Brazilian streamer (born 1990)

Alan Ferreira Pereira (born 13 May 1990 in São Paulo), better known as Alanzoka, is a Brazilian streamer and YouTuber. He is considered one of the biggest Twitch streamers in Brazil.

== Career ==
Alanzoka was born on May 13, 1990 in São Paulo.
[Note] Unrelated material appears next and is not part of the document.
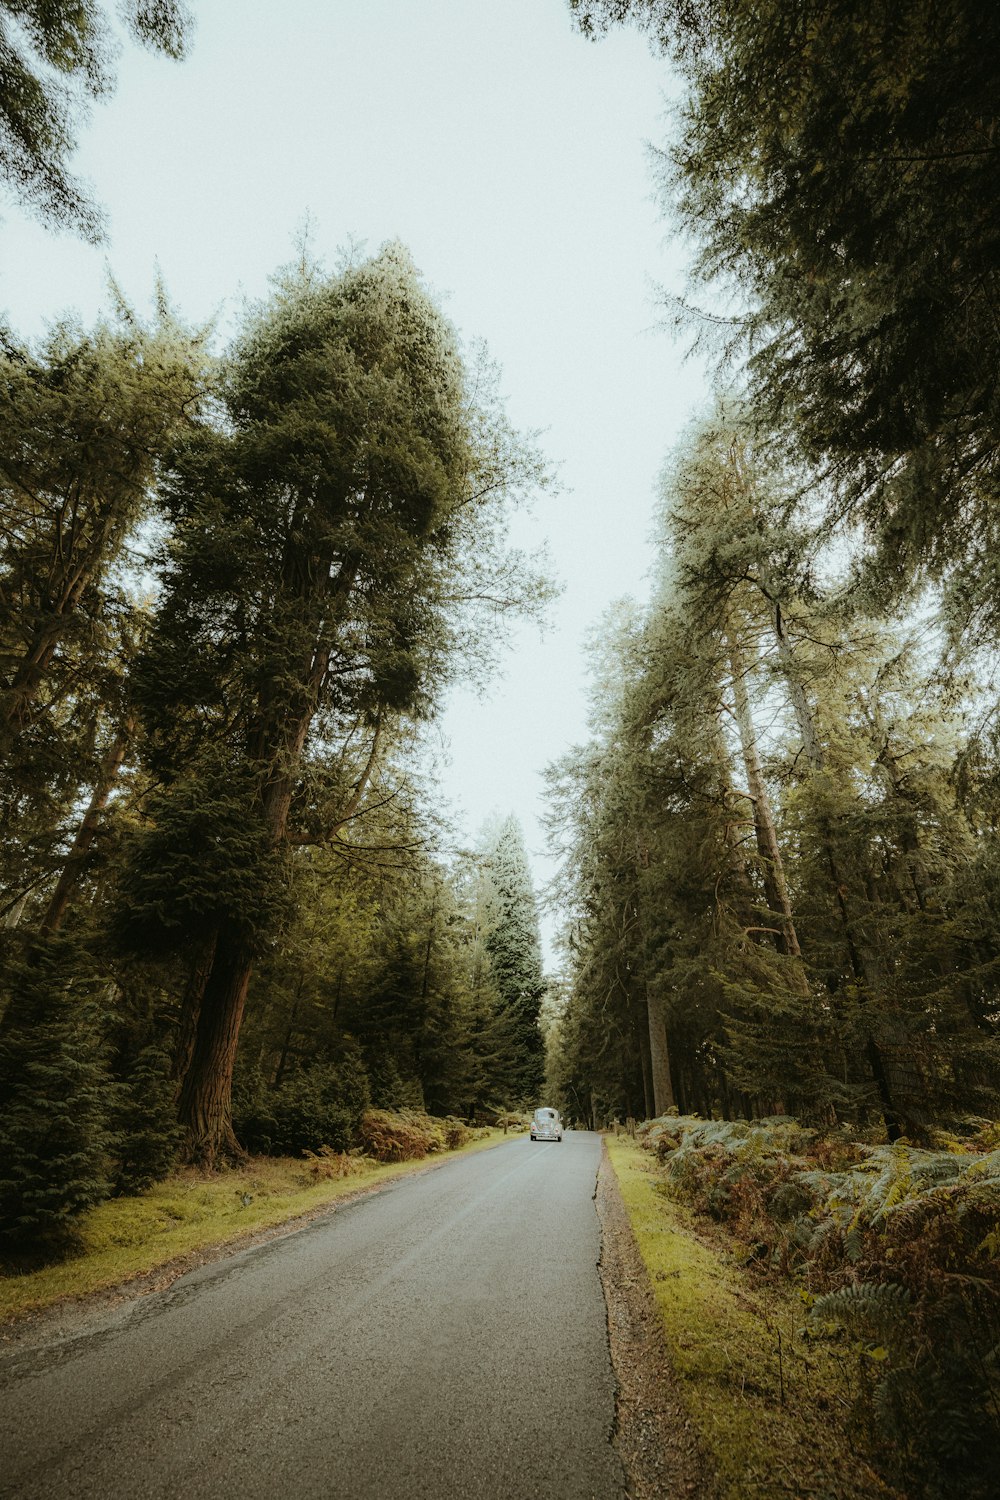 a car driving down a road surrounded by tall trees

He graduated in Gastronomy from Anhembi Morumbi University. Alanzoka established himself as a YouTuber in 2011 on his channel called “EDGE”, an acronym for Electronic Desire Gamers Entertainment. His first video was about Minecraft, but he used to shoot videos of horror games, mainly Amnesia and Dead Space 2, as well as co-op games. His channel's popularity was boosted in 2012 with videos about Slender. As of 2018, he renamed his channel to "alanzoka" and started his career on Twitch, recording videos of Five Nights at Freddy's and Fortnite. In 2016, he was part of the Brazilian Overwatch team. Alanzoka is also known for playing Rocket League and Valorant.

== Personal life ==
In 2026 Alanzoka had a son with his wife Maethe. In order to protect the couple's privacy, the pregnancy was kept secret.

== Legacy ==
Alanzoka is often recognized as one of the best-known Twitch streamers in Brazil. In 2018, he was named one of the most watched Brazilian streamers on the platform, and was one of the most watched when streaming Valorant and Cyberpunk 2077. He was included in the list "Five Brazilian streamers for you to keep an eye on Twitch", by The Clutch, and in the list "Streamers to watch during isolation by the coronavirus", by Globo Esporte.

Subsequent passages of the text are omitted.